-- SOURCE MATERIAL follows --

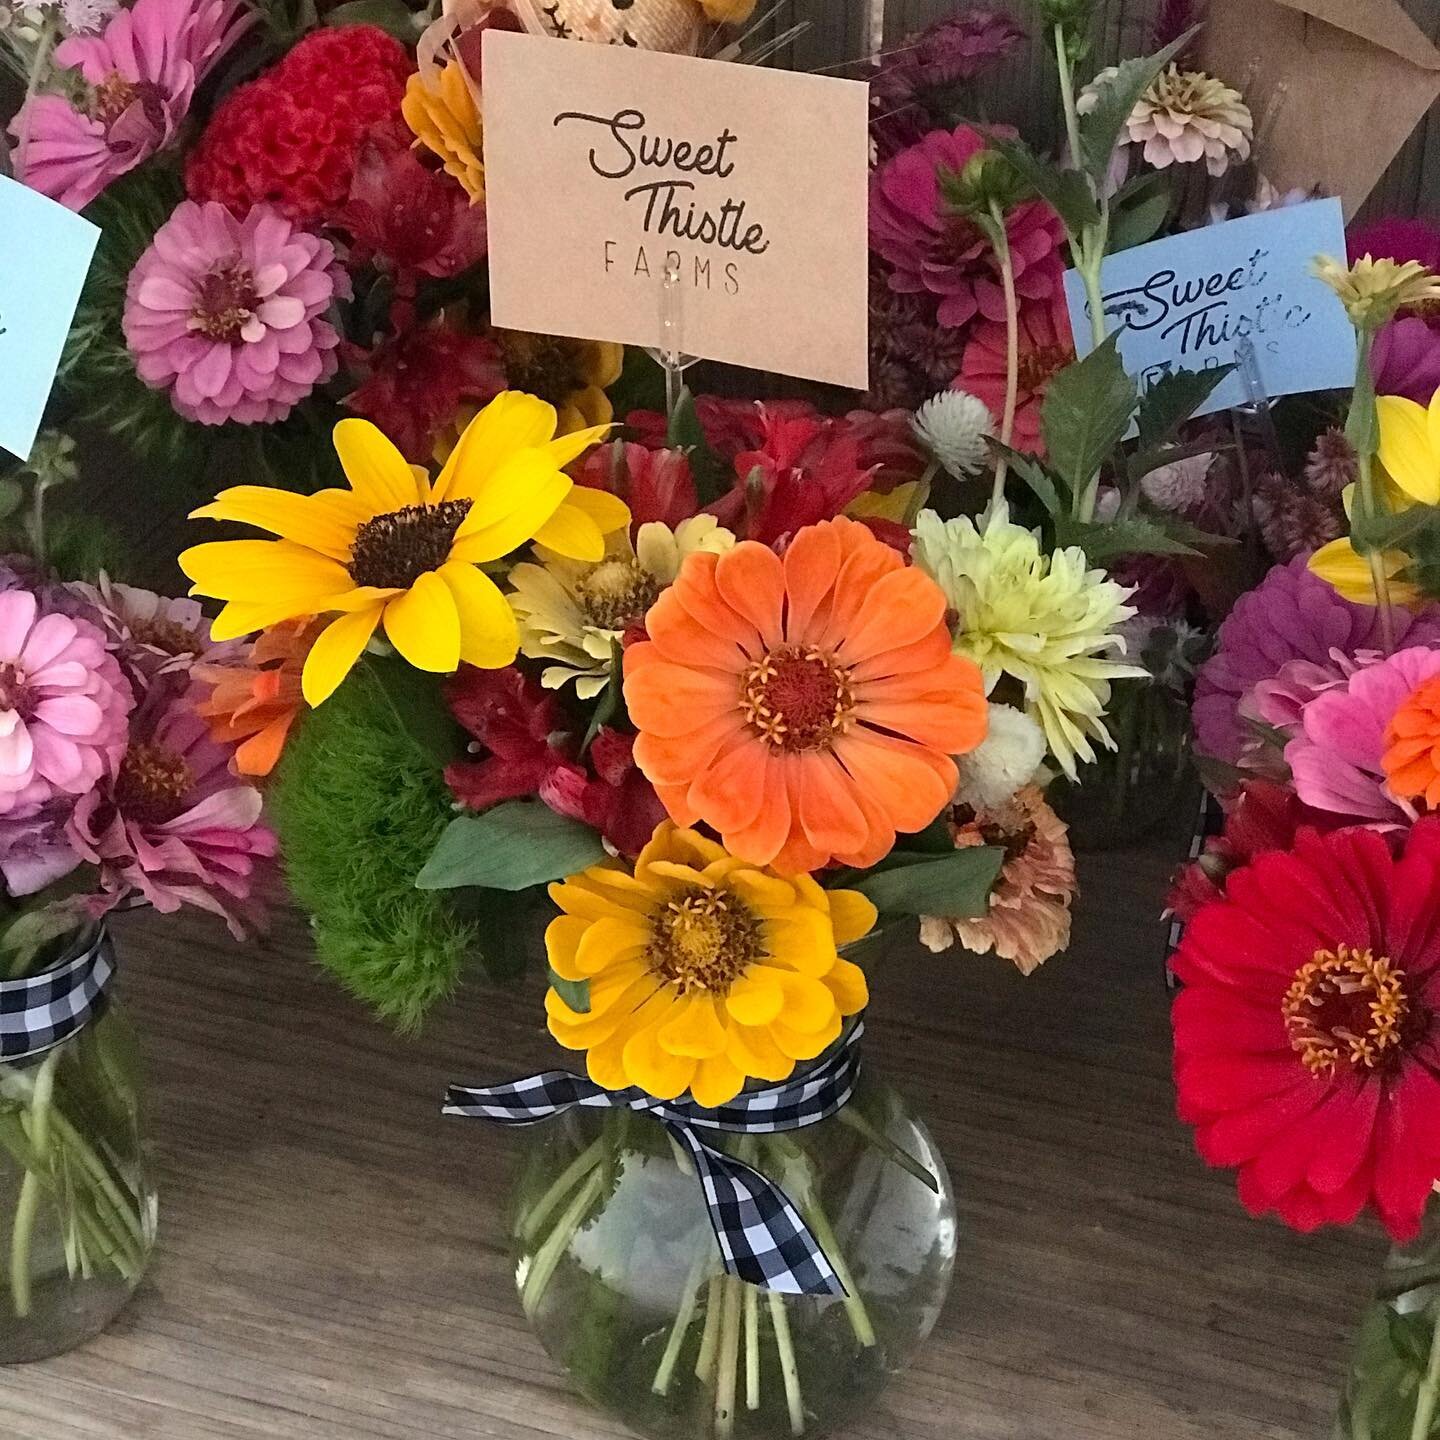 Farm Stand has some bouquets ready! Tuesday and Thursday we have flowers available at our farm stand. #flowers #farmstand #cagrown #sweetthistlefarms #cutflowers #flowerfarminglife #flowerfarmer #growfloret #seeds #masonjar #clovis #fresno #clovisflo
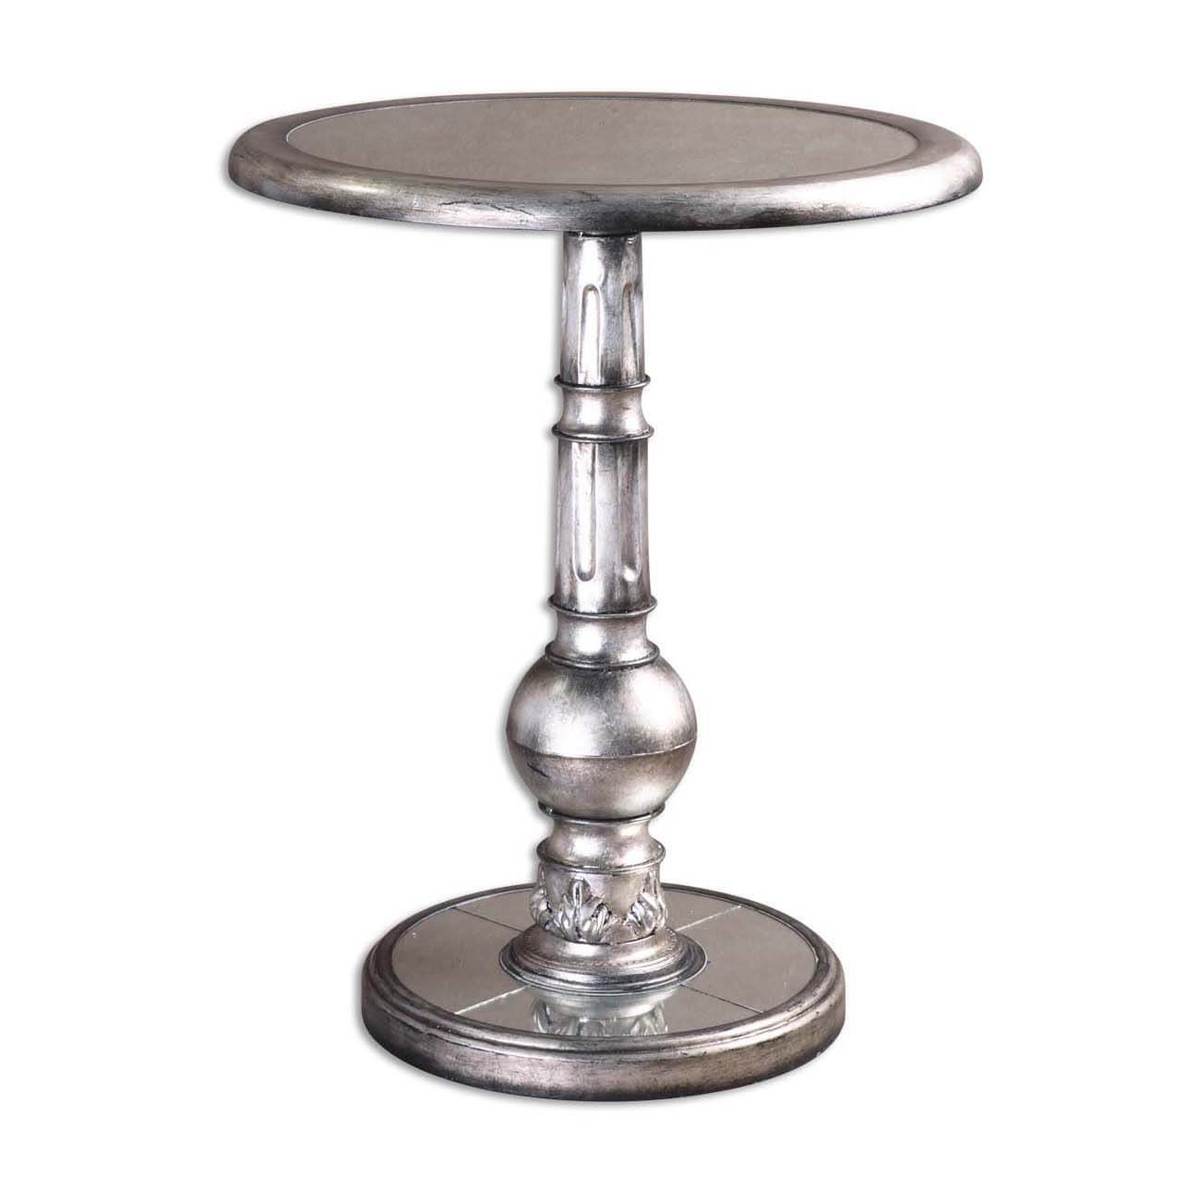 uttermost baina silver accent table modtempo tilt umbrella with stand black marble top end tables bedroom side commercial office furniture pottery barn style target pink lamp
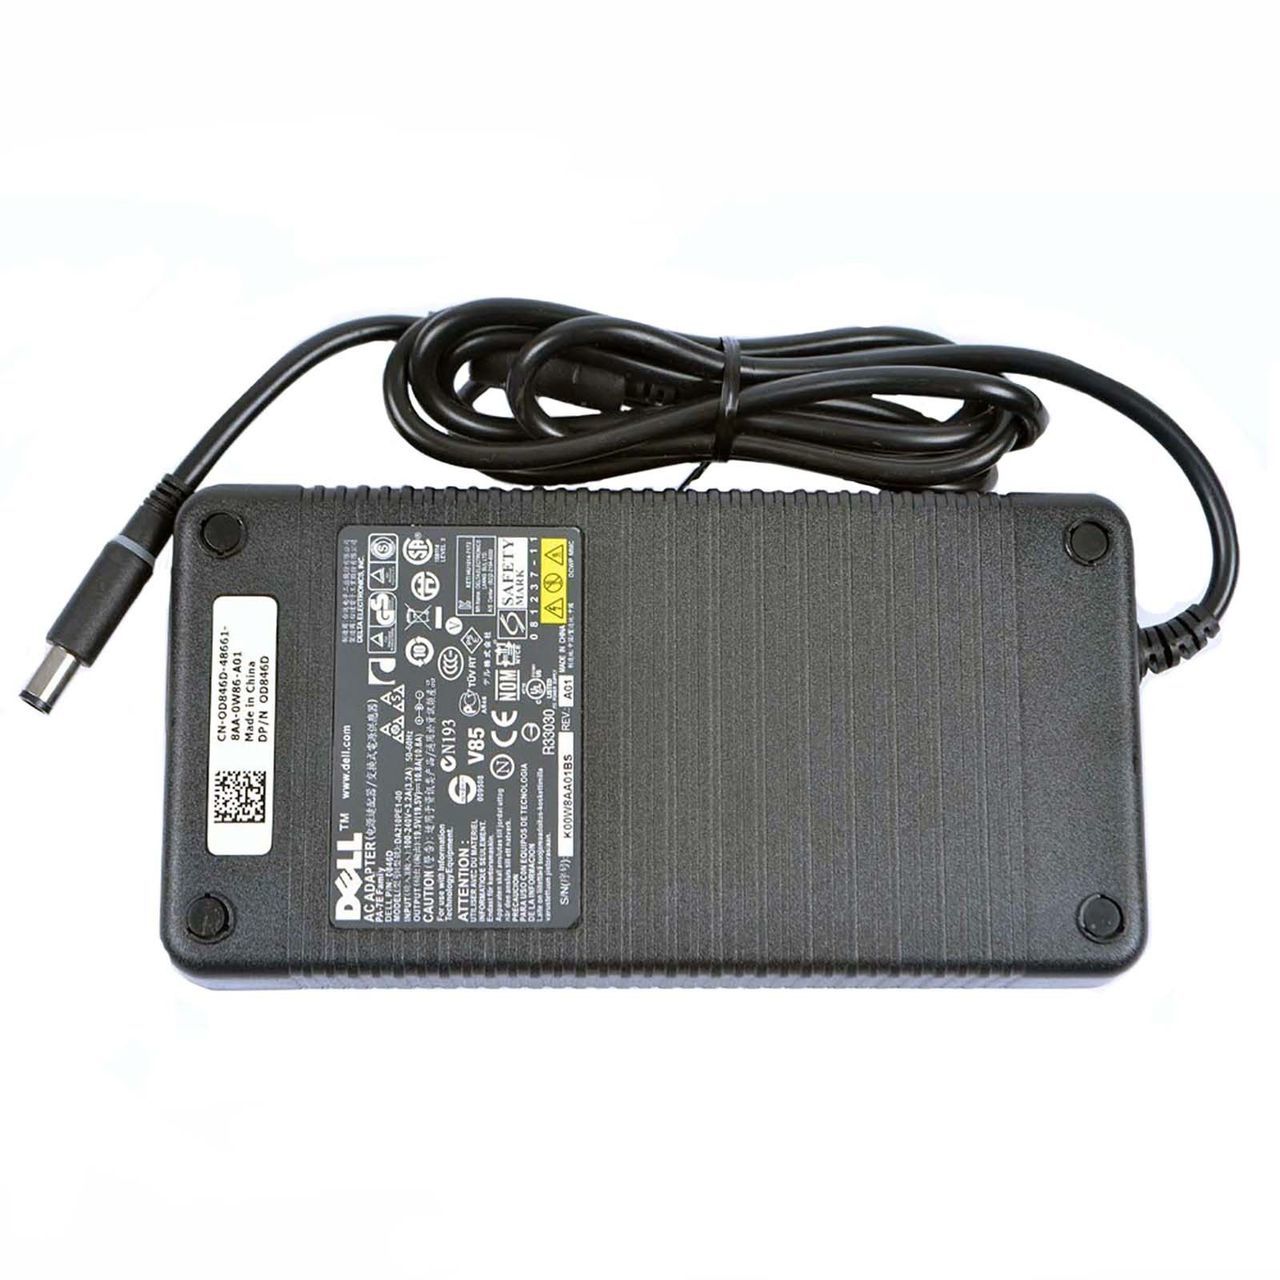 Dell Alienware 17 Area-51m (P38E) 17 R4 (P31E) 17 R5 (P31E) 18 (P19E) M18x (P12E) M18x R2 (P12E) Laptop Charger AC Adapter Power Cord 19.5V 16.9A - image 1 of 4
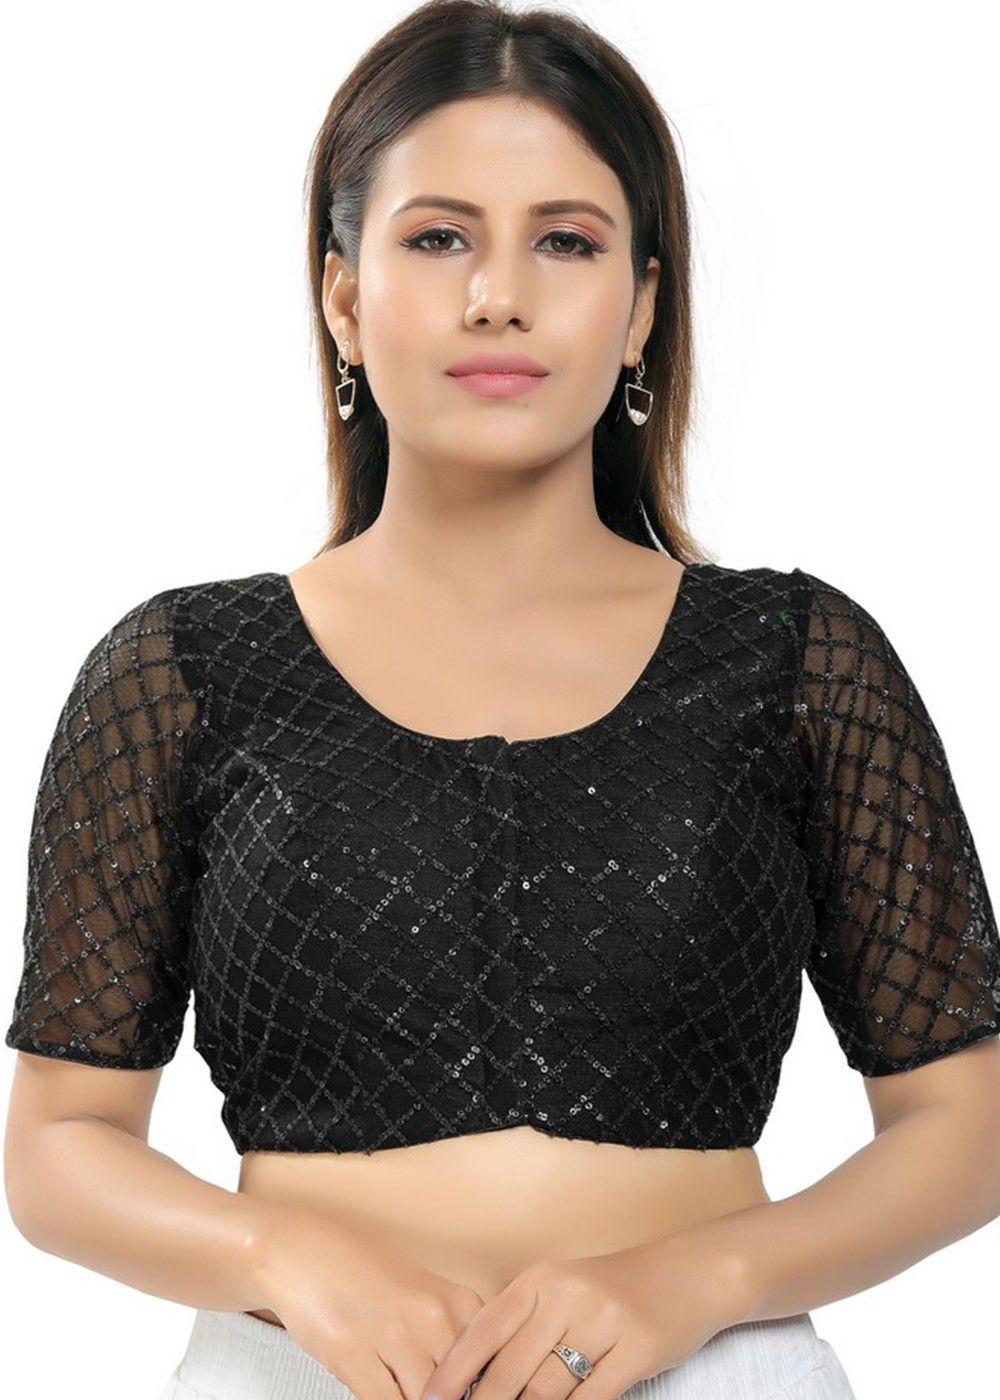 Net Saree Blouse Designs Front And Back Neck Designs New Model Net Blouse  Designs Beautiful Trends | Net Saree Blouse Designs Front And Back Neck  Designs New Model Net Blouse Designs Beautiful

-- SOURCE MATERIAL concluded --

• _ABOUT THIS TASK_: Using the listing above, reproduce word for word every line from the one containing "uttermost baina silver" through the one containing "Dell Alienware 17". Pictures must be left out.

• _ANSWER TO THIS EXERCISE_:
 uttermost baina silver accent table modtempo tilt umbrella with stand black marble top end tables bedroom side commercial office furniture pottery barn style target pink lamp
 Dell Alienware 17 Area-51m (P38E) 17 R4 (P31E) 17 R5 (P31E) 18 (P19E) M18x (P12E) M18x R2 (P12E) Laptop Charger AC Adapter Power Cord 19.5V 16.9A - image 1 of 4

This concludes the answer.